Hi there bud when it comes to tablets ipad is the best choice it has upper hand in all fields of tablets.


----------



## ithehappy (Jun 11, 2012)

Given those two, any day and anytime the iPad. I just can't stand Android, hate it immensely.


----------



## red dragon (Jun 12, 2012)

^^Same here.Me too hate Android so so much! !Thought hate only htc,but now after using GS2 for a year,hate all of `em.


----------



## techkens (Jun 12, 2012)

Apple ipad 3 is creating the new trend and andriod tablets are ok but people usually like choose andriod mobiles, so i choose apple ipad.


----------



## MetalheadGautham (Jun 12, 2012)

I had the reverse experience of everyone here. Already posted about it somewhere, but here it is. I had an iPad2 WiFi 16GB for around 3 months before selling it off cheaply. Was the most HORRIBLE tablet I ever touched. It has an amazing screen, great sound quality, 10hr battery life but the compliments end there.

For starters, iOS has pathetic restrictions that render you unable to do tasks that old 2005-era mobile phones could do.
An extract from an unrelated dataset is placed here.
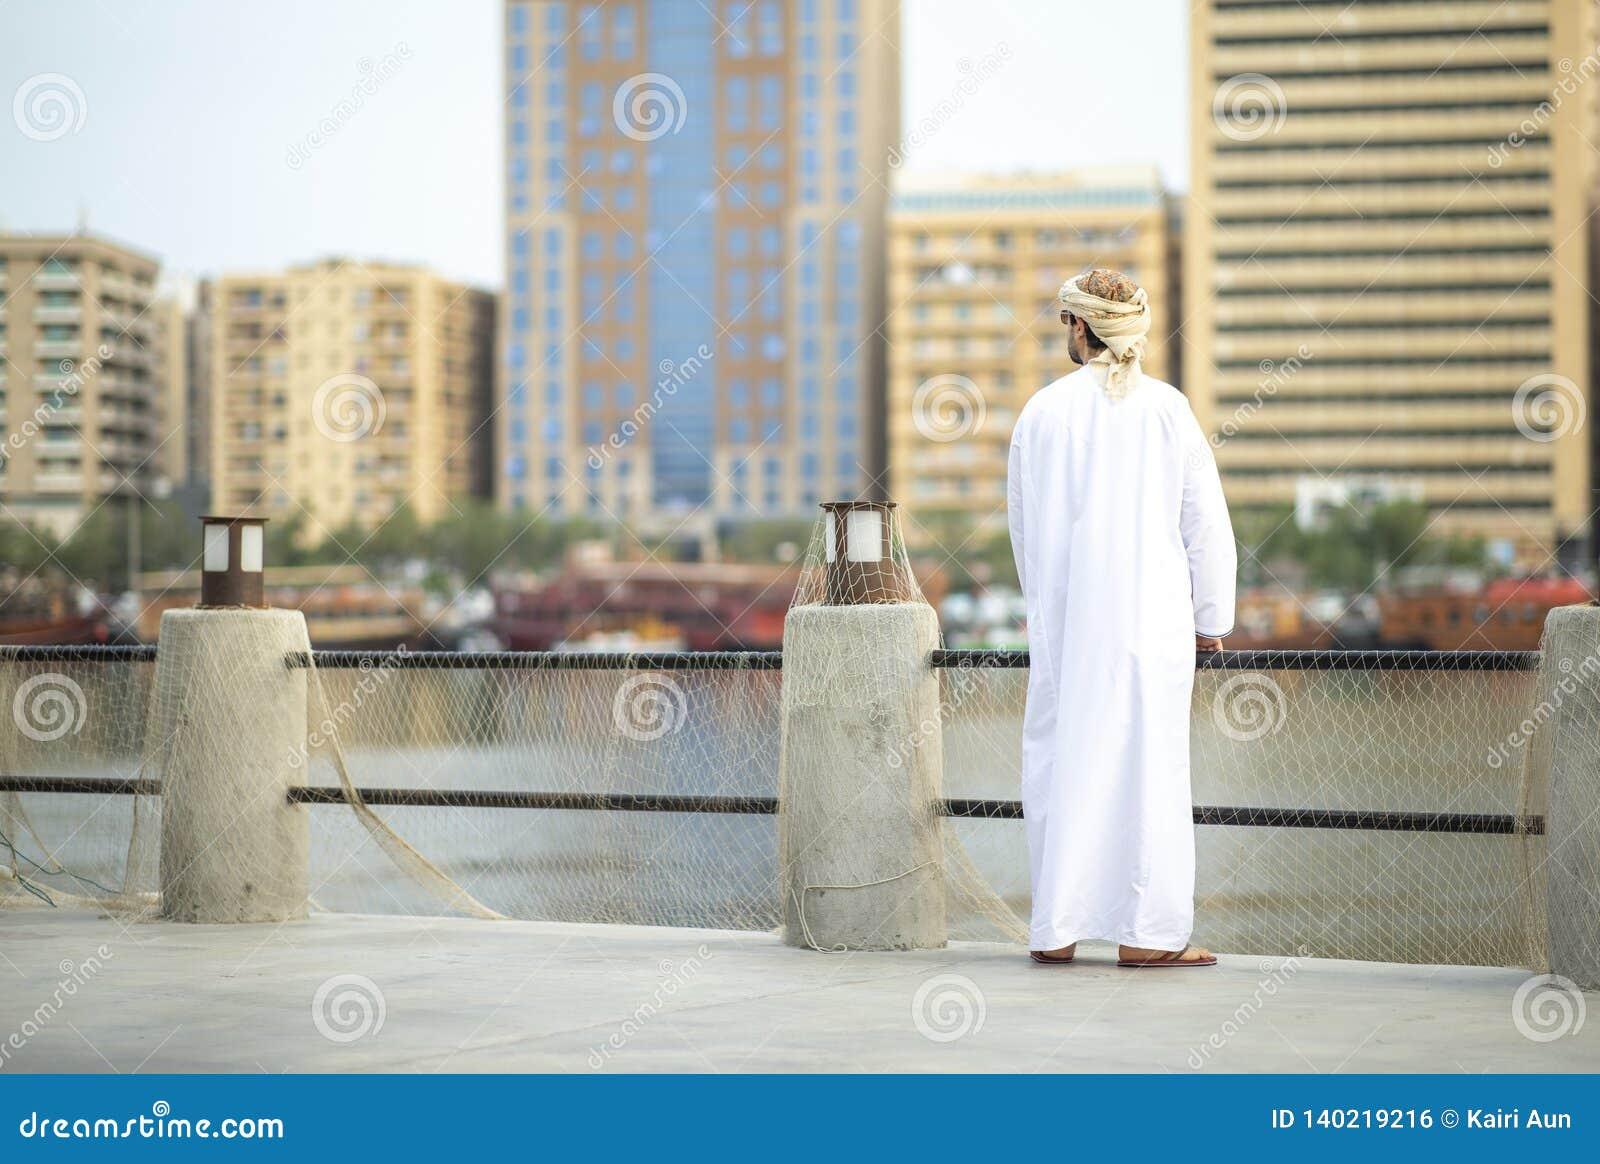 Al老迪拜的泽夫部分的阿拉伯人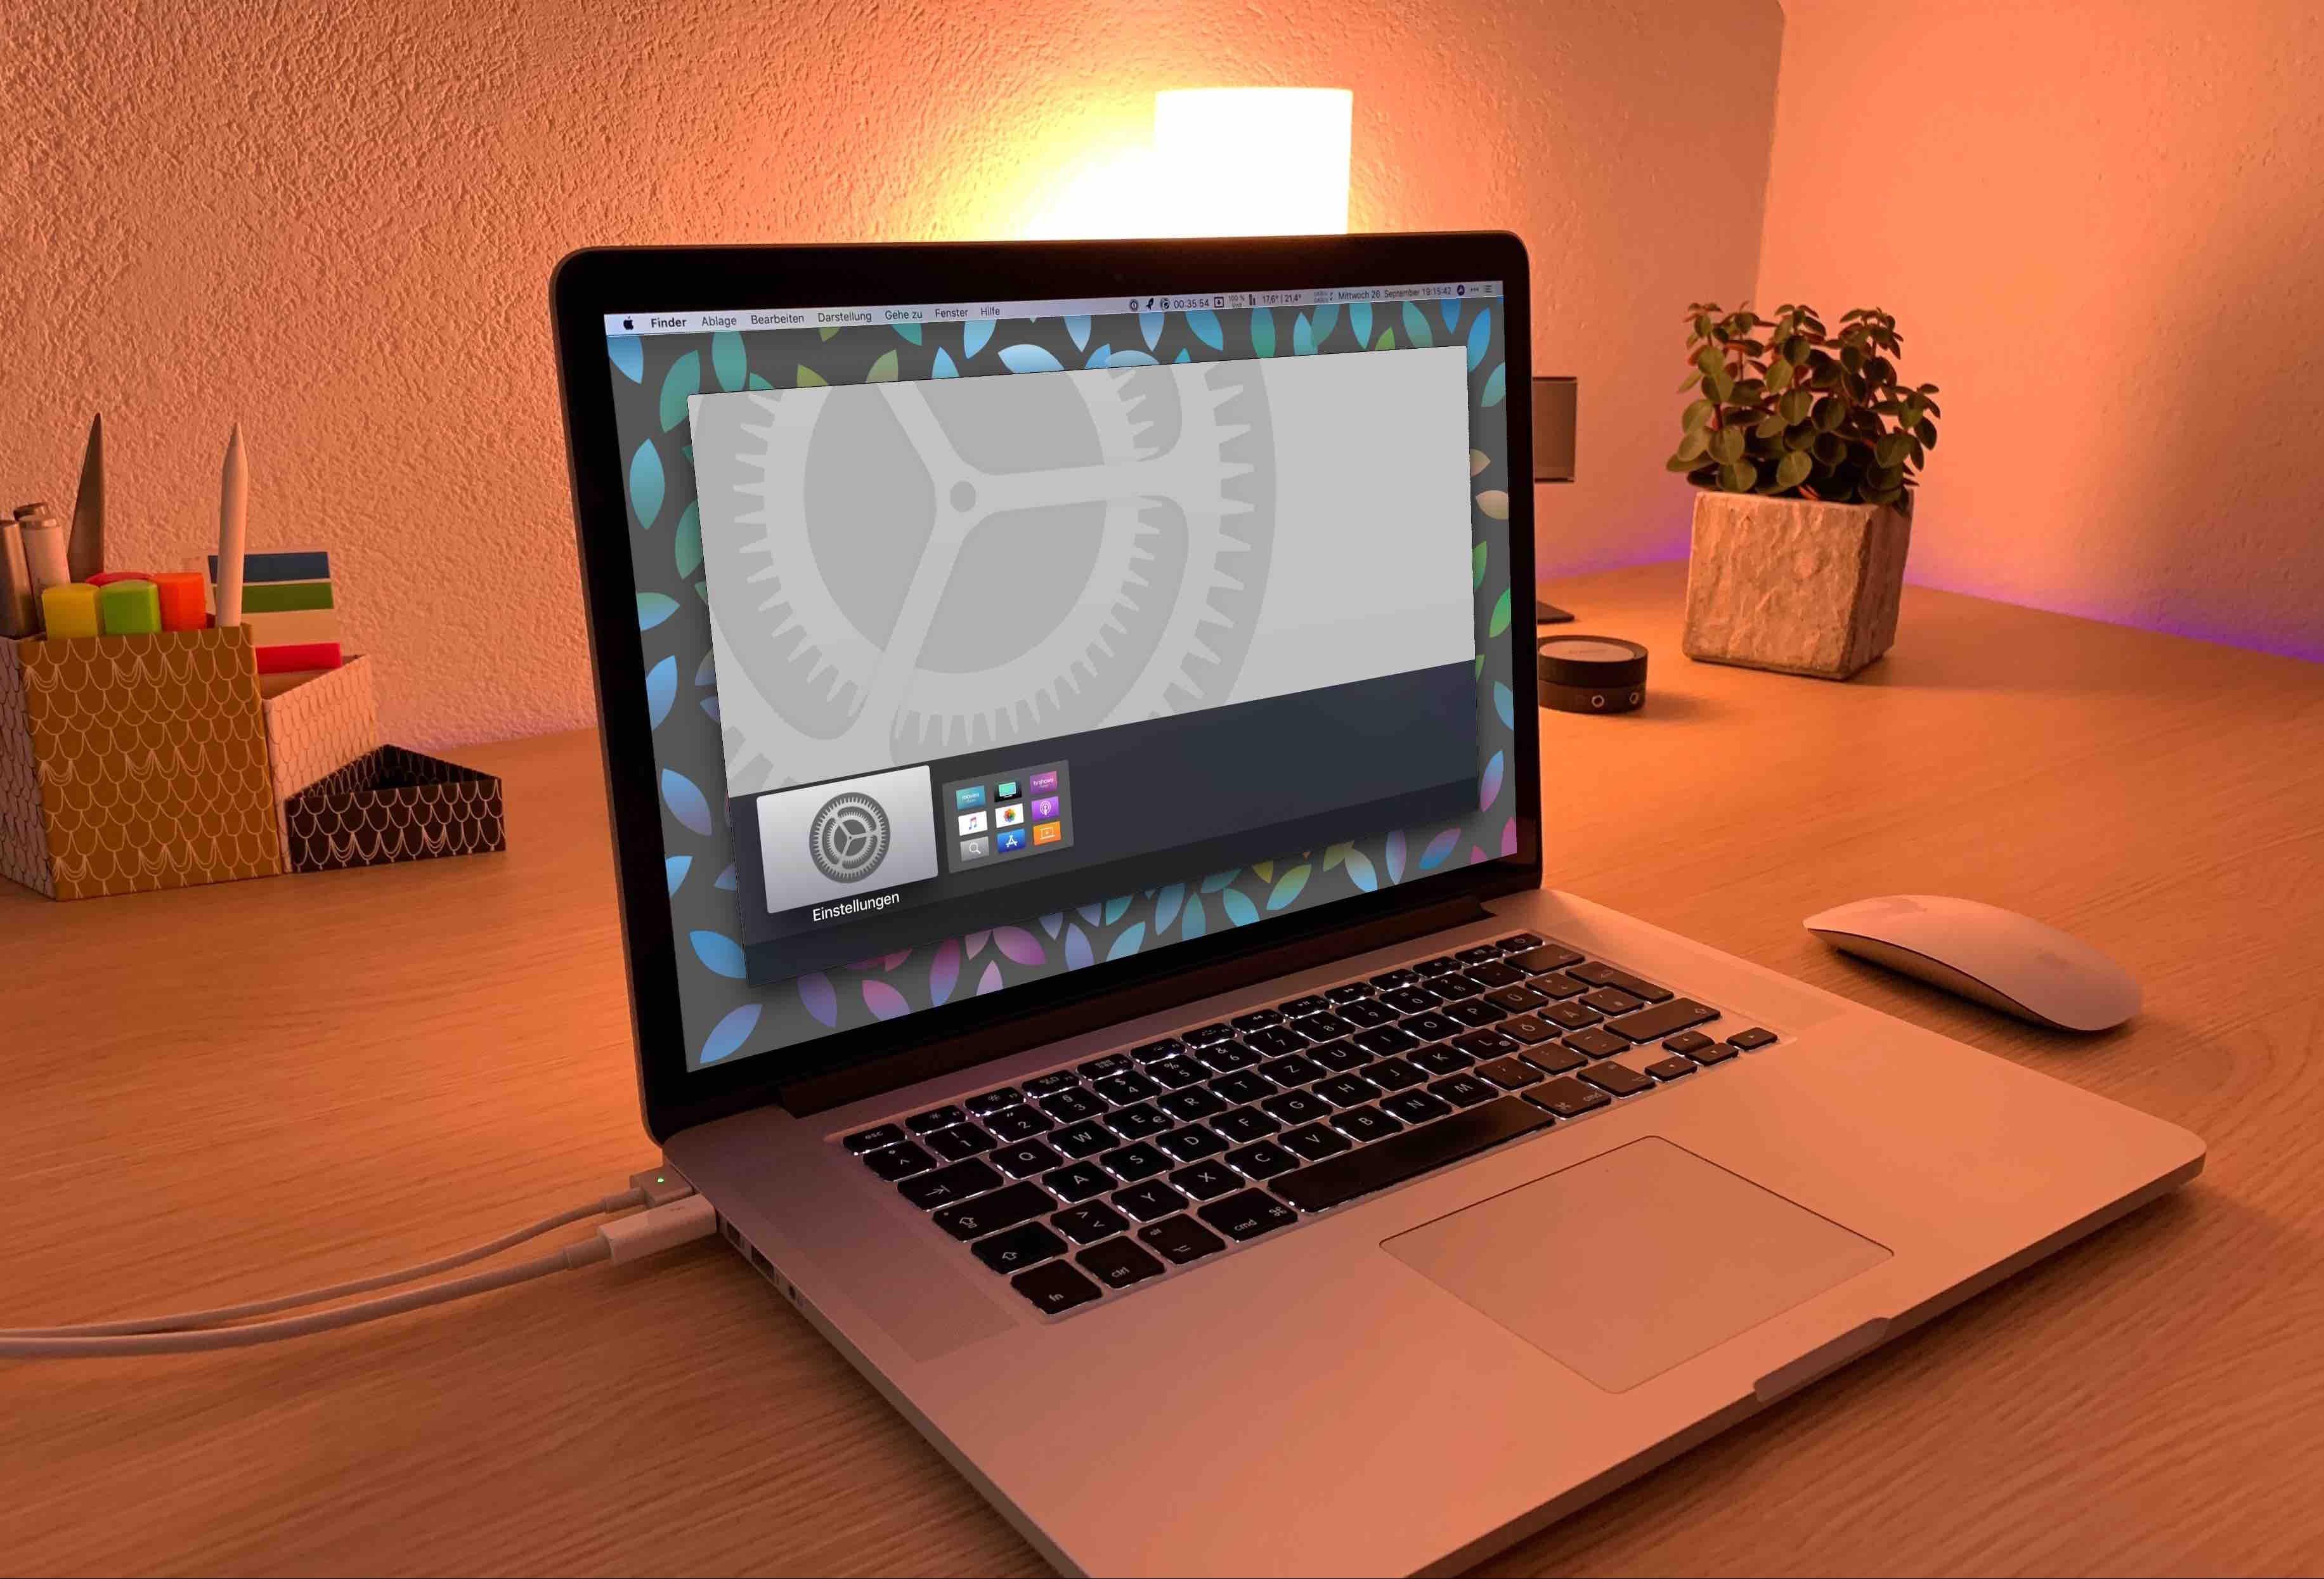 Apple_TV_Remote_iOS3-e1541855361174 Tipp: So nimmst du den Bildschirminhalt von deinem Apple TV auf

You NEED iTunes for synching things to the tablet. I mean COME ON, a dual core tablet needing to be teethered to a particular software to have stuff transfered to it when I expect it to behave like an independent computer. The market has poor selection of free apps. All good apps are paid. While I don't mind paying for good games or good productivity software, the fact that iOS has no free (non crippleware) viewers for CHM files, comic book archives, and some other document formats (my main use-case for tablets is to read various files) pissed me off totally. It lacks an internal filesystem which even Nokia 6600 had. Each app stores its own files. As a result, you cannot download an audio file from the internet through safari and expect it to be added to the iTunes library. iOS is very crippled unless you jailbreak it and even then its fundamental flaws remain.

iPads have great hardware, don't get me wrong. It has perhaps the best collection of paid applications ever, because iOS had a solid lead over Windows Phone 7 and Android for developers to catch up. But the OS, the thing I interract with on a daily basis, JUST SUCKS.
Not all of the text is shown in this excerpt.